START COLLECTED DATA
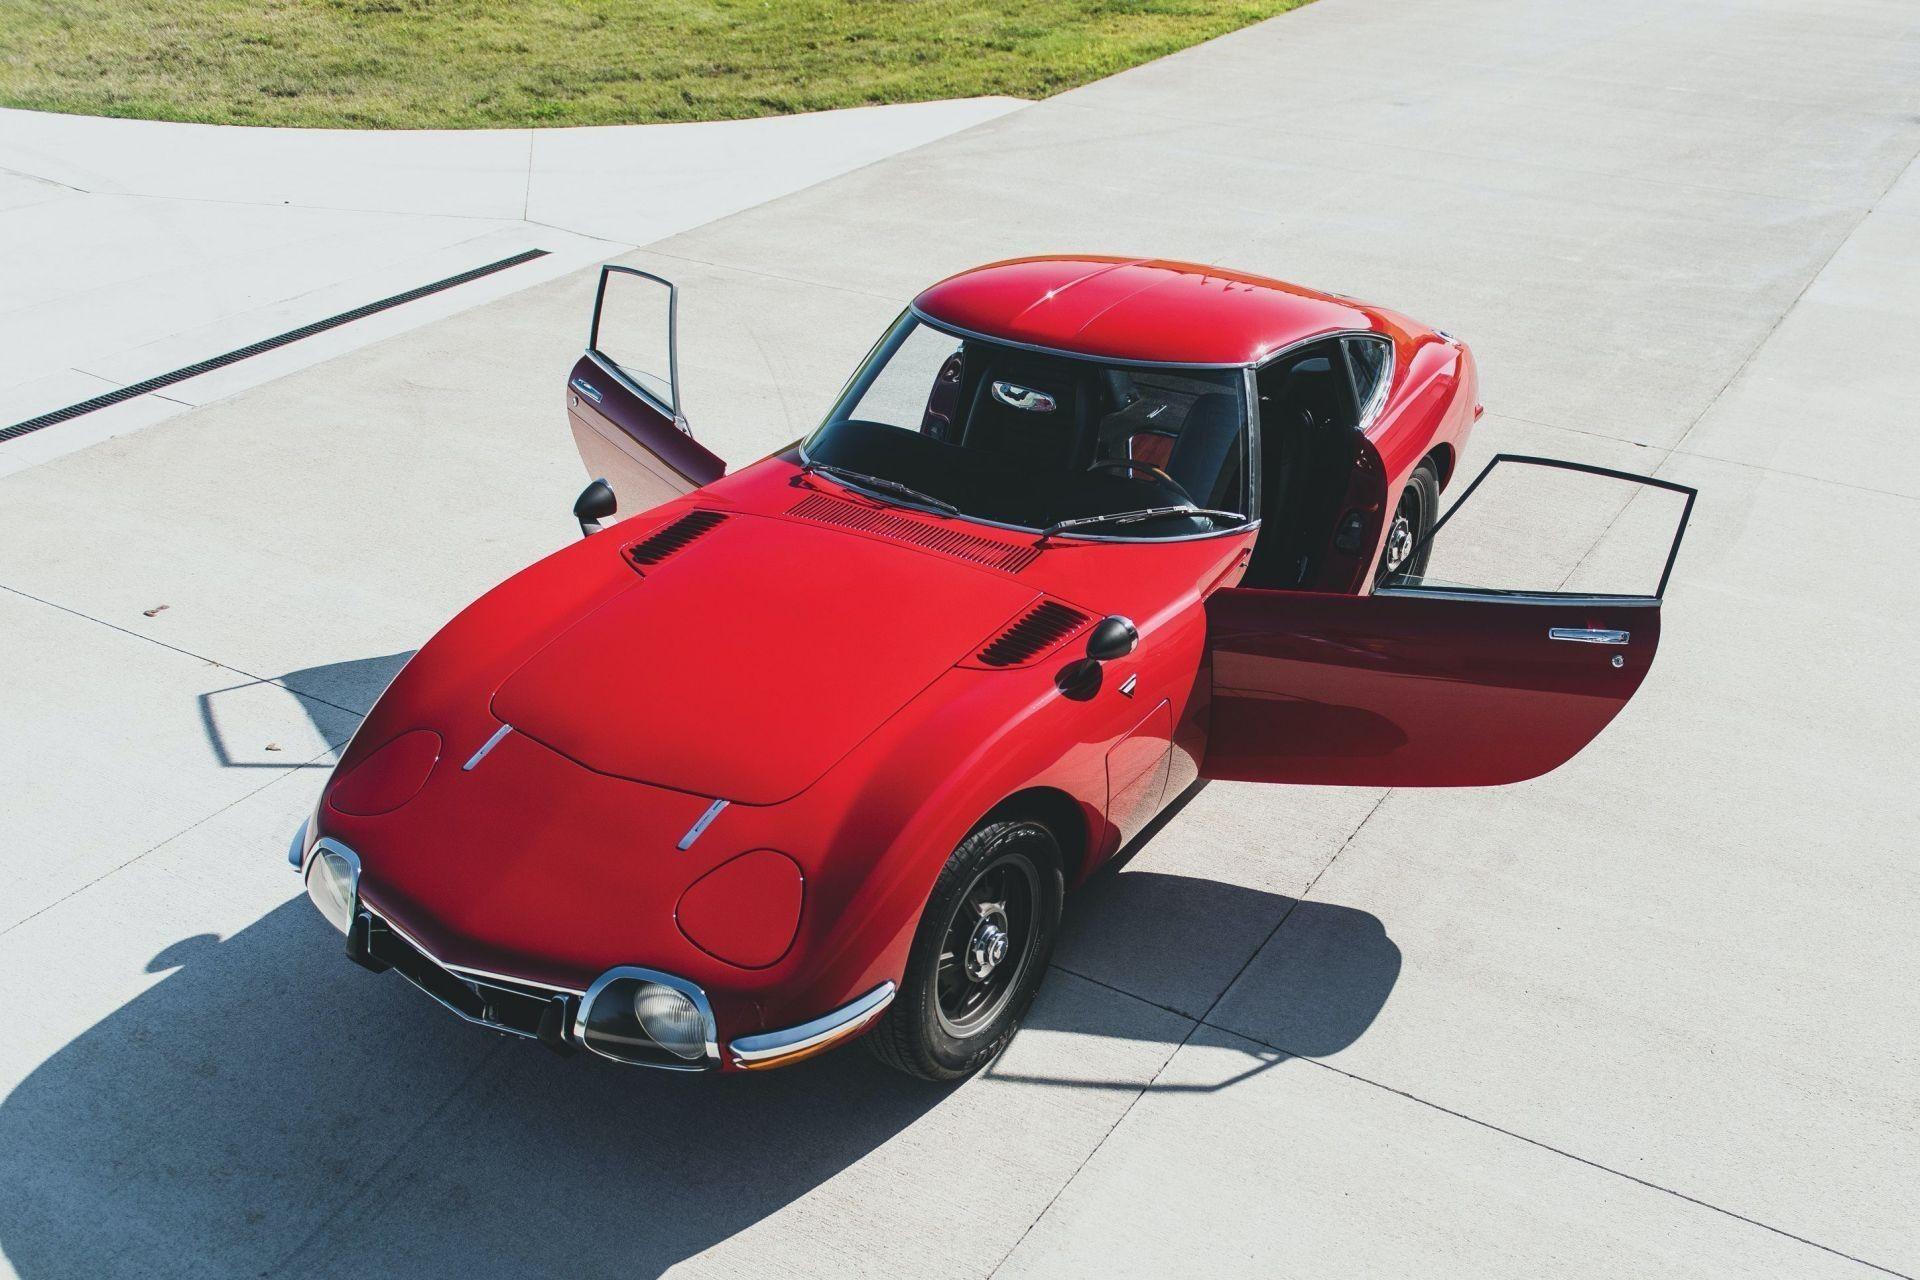 Легендарную Toyota 2000GT 1967 с левым рулем продали на аукционе
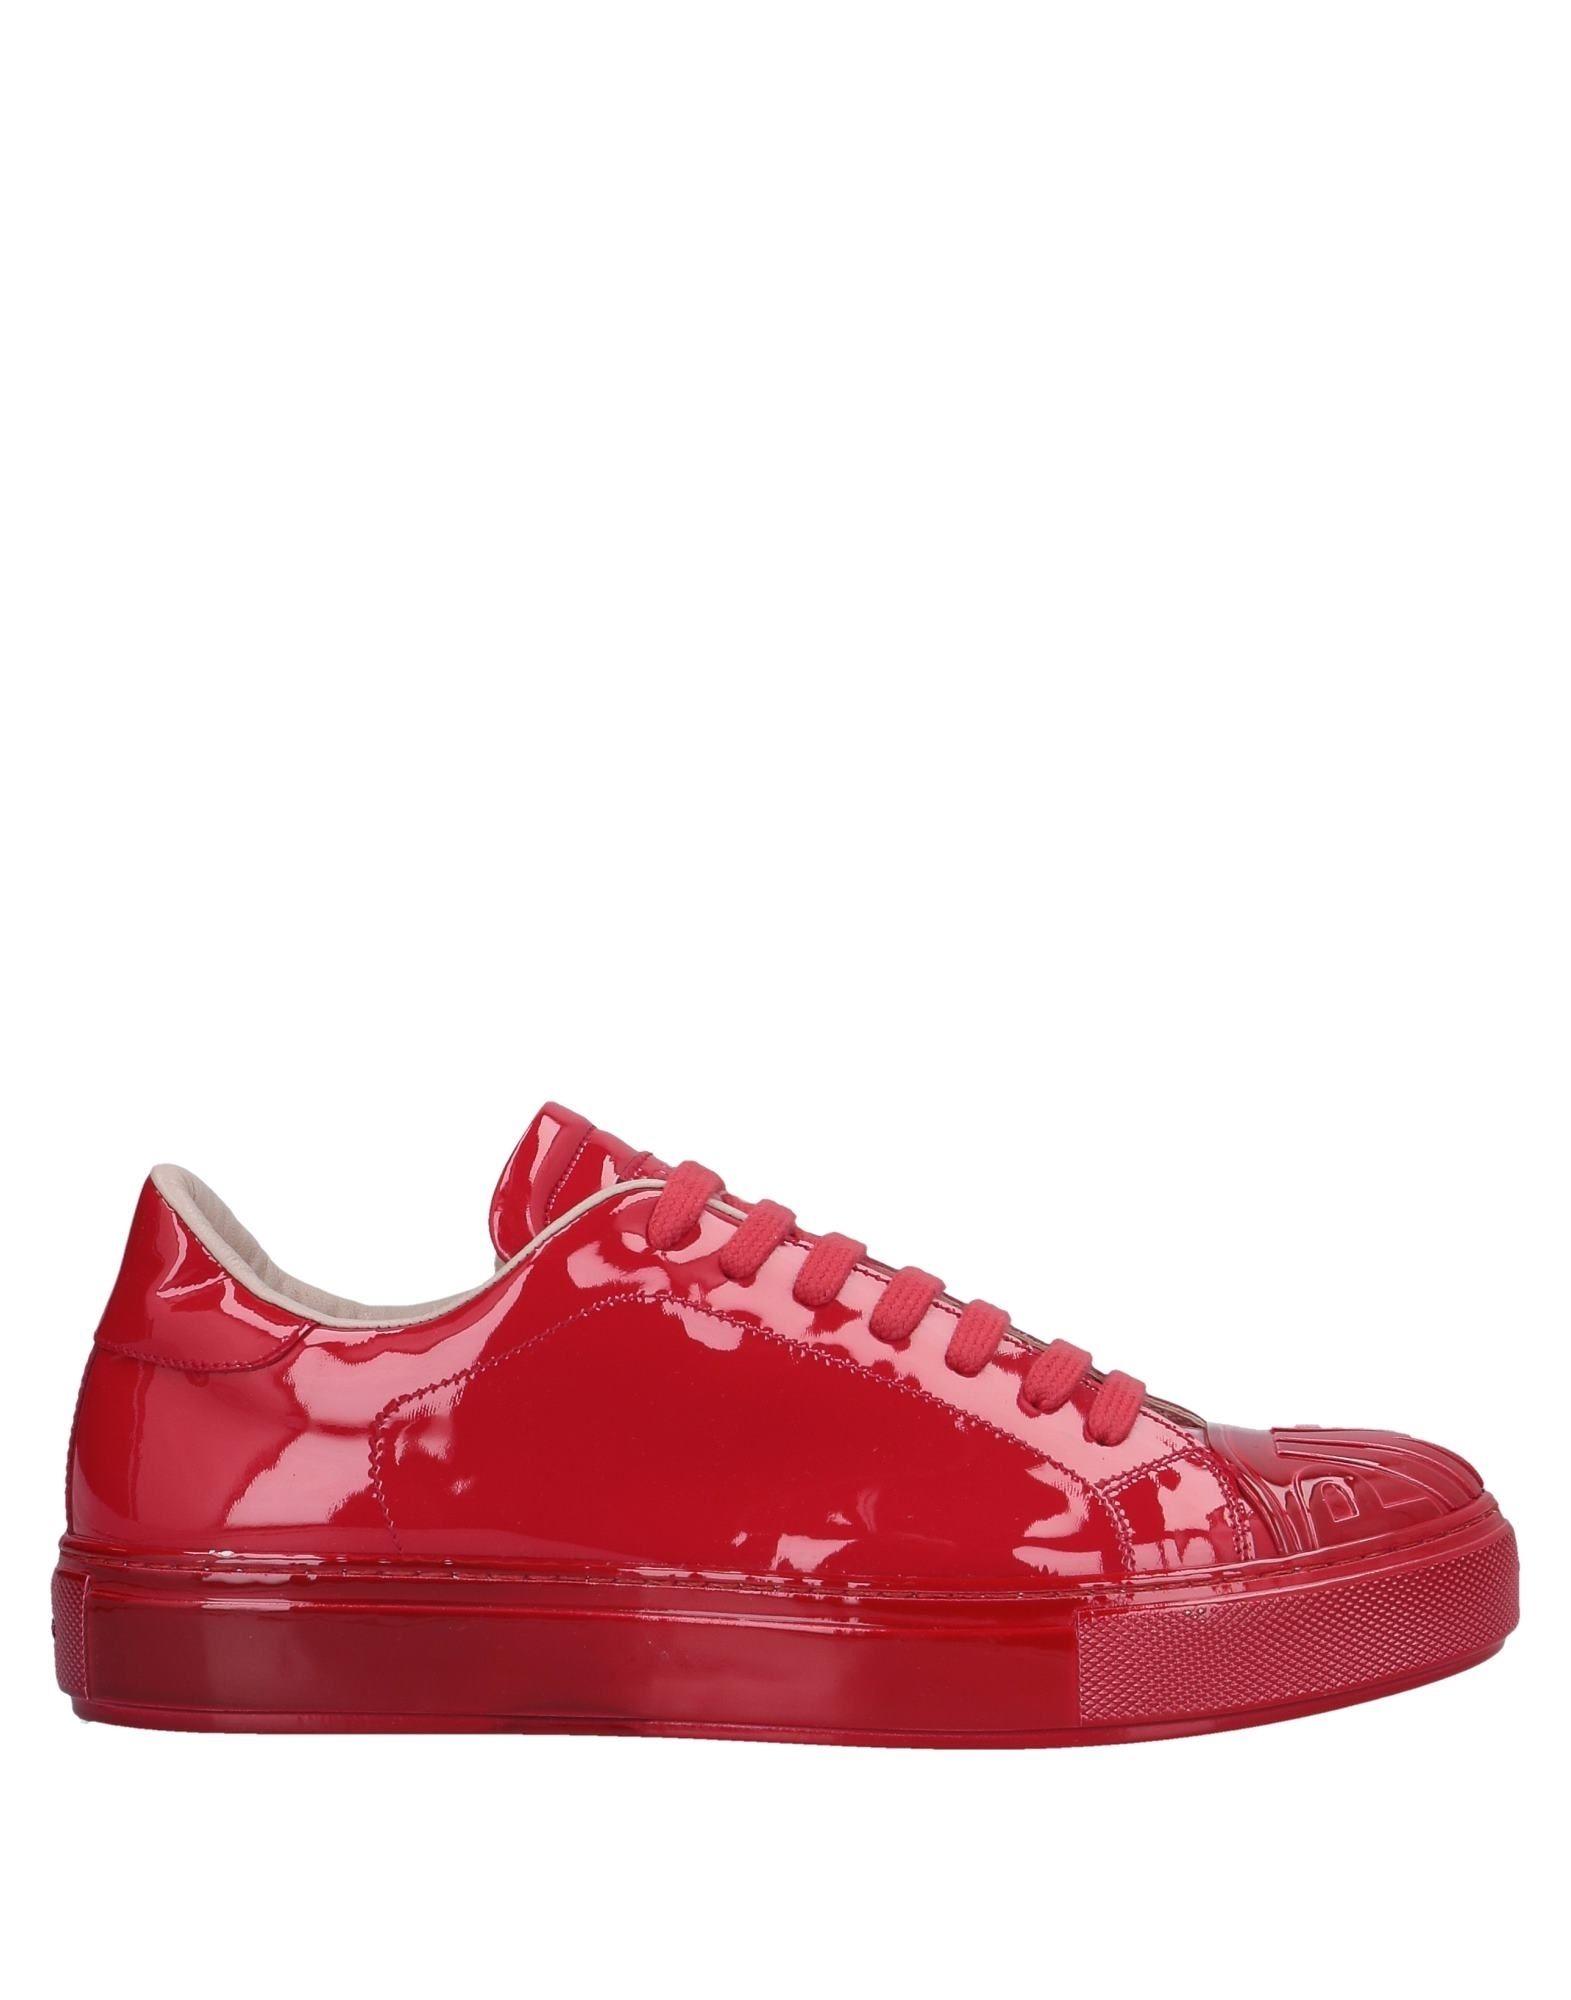 Zapatillas Pinko Mujer - Zapatillas Pinko  Rojo Rojo  81bfc4
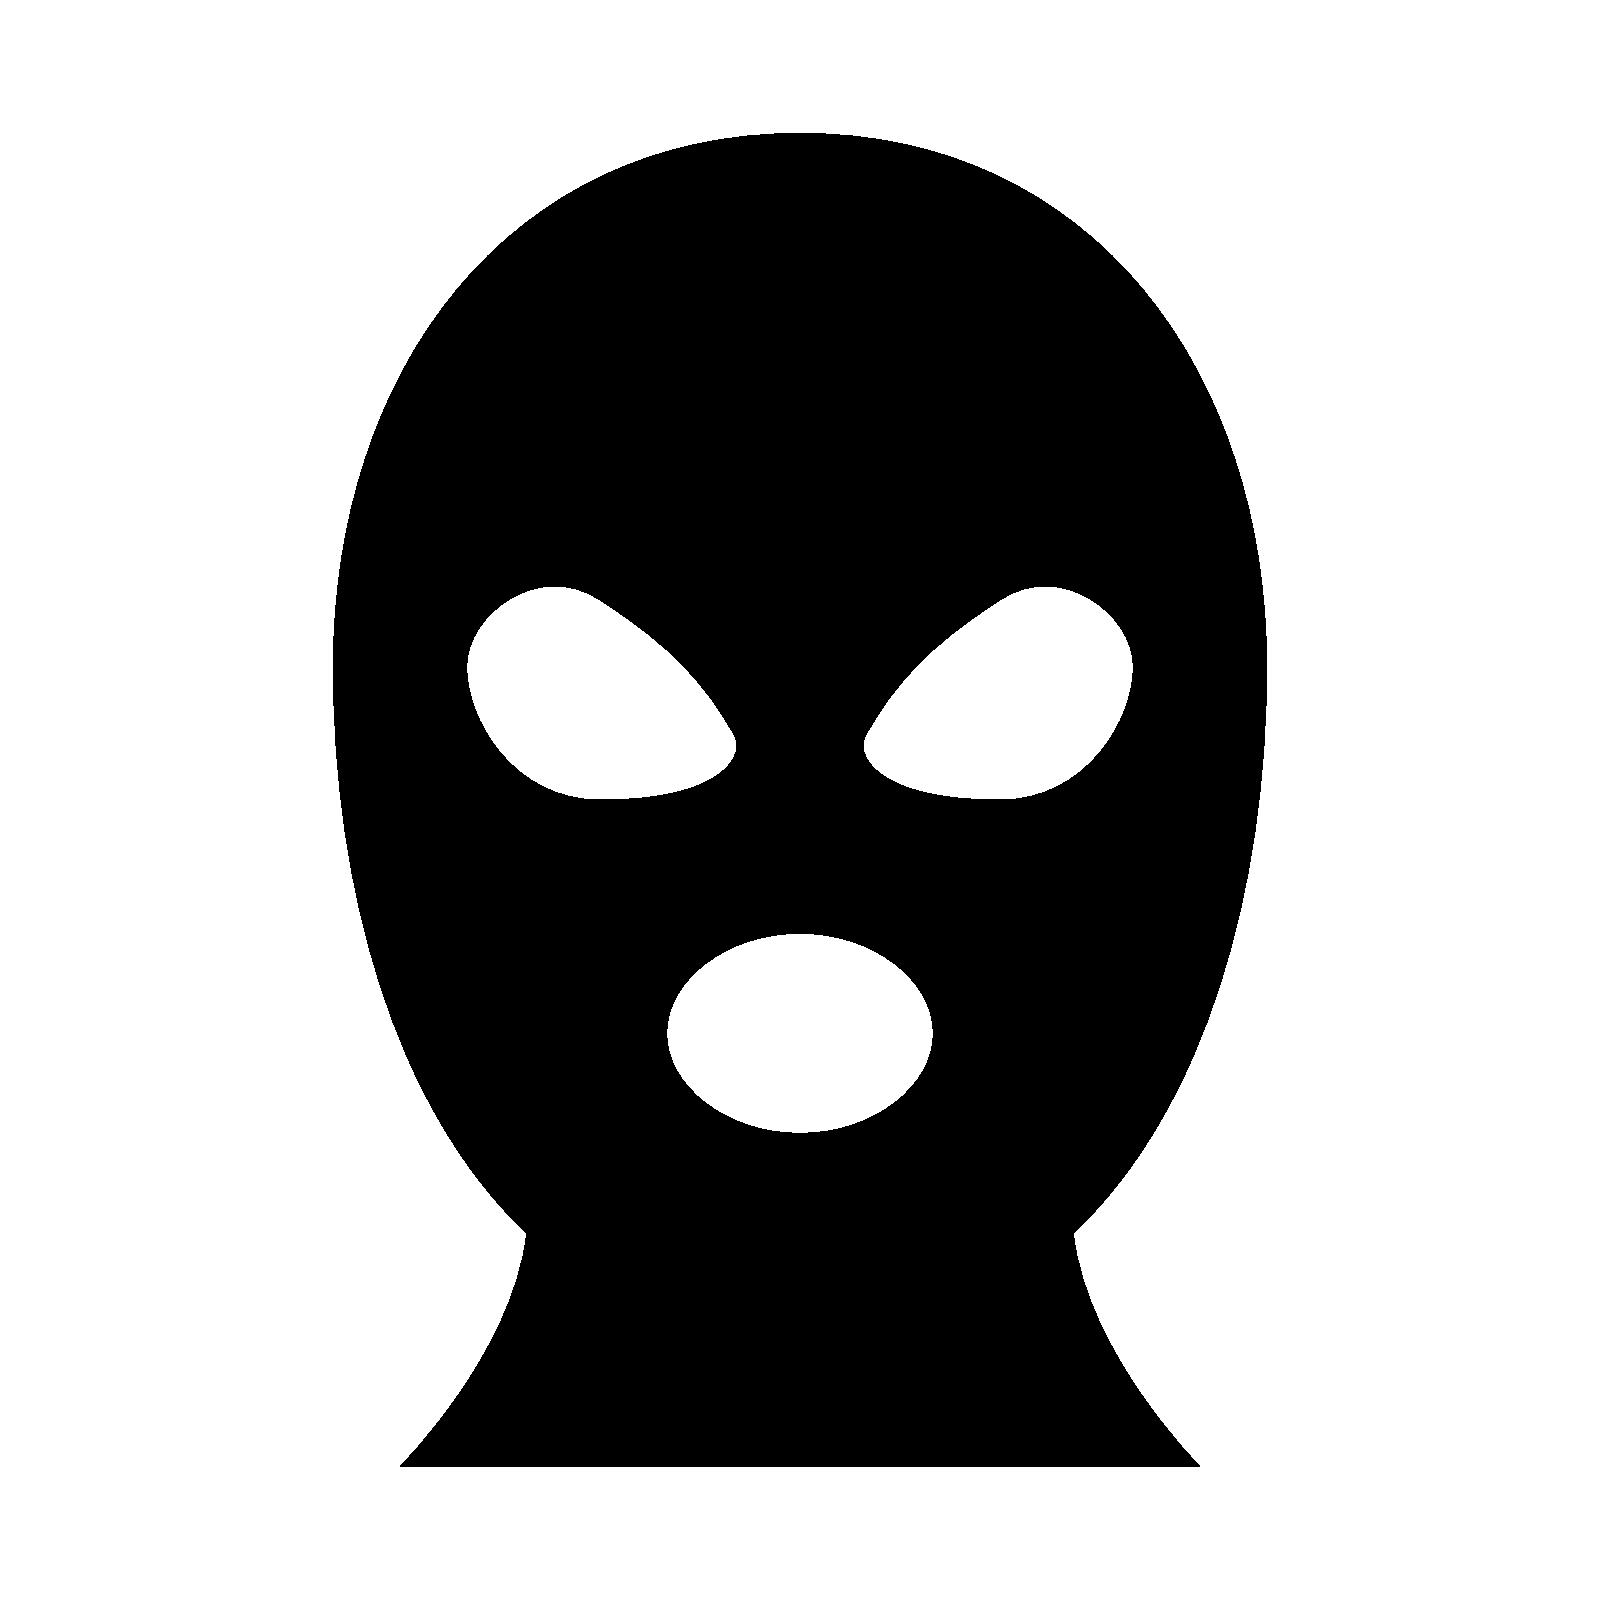 Mask clipart burglar Mask at Mask Ski Icon
END COLLECTED DATA
Drop the pictures, then transcribe the lines from the one containing "Zapatillas Pinko Mujer" to the end of the data above, exactly and nothing more.

REPLY:
 Zapatillas Pinko Mujer - Zapatillas Pinko  Rojo Rojo  81bfc4
 Mask clipart burglar Mask at Mask Ski Icon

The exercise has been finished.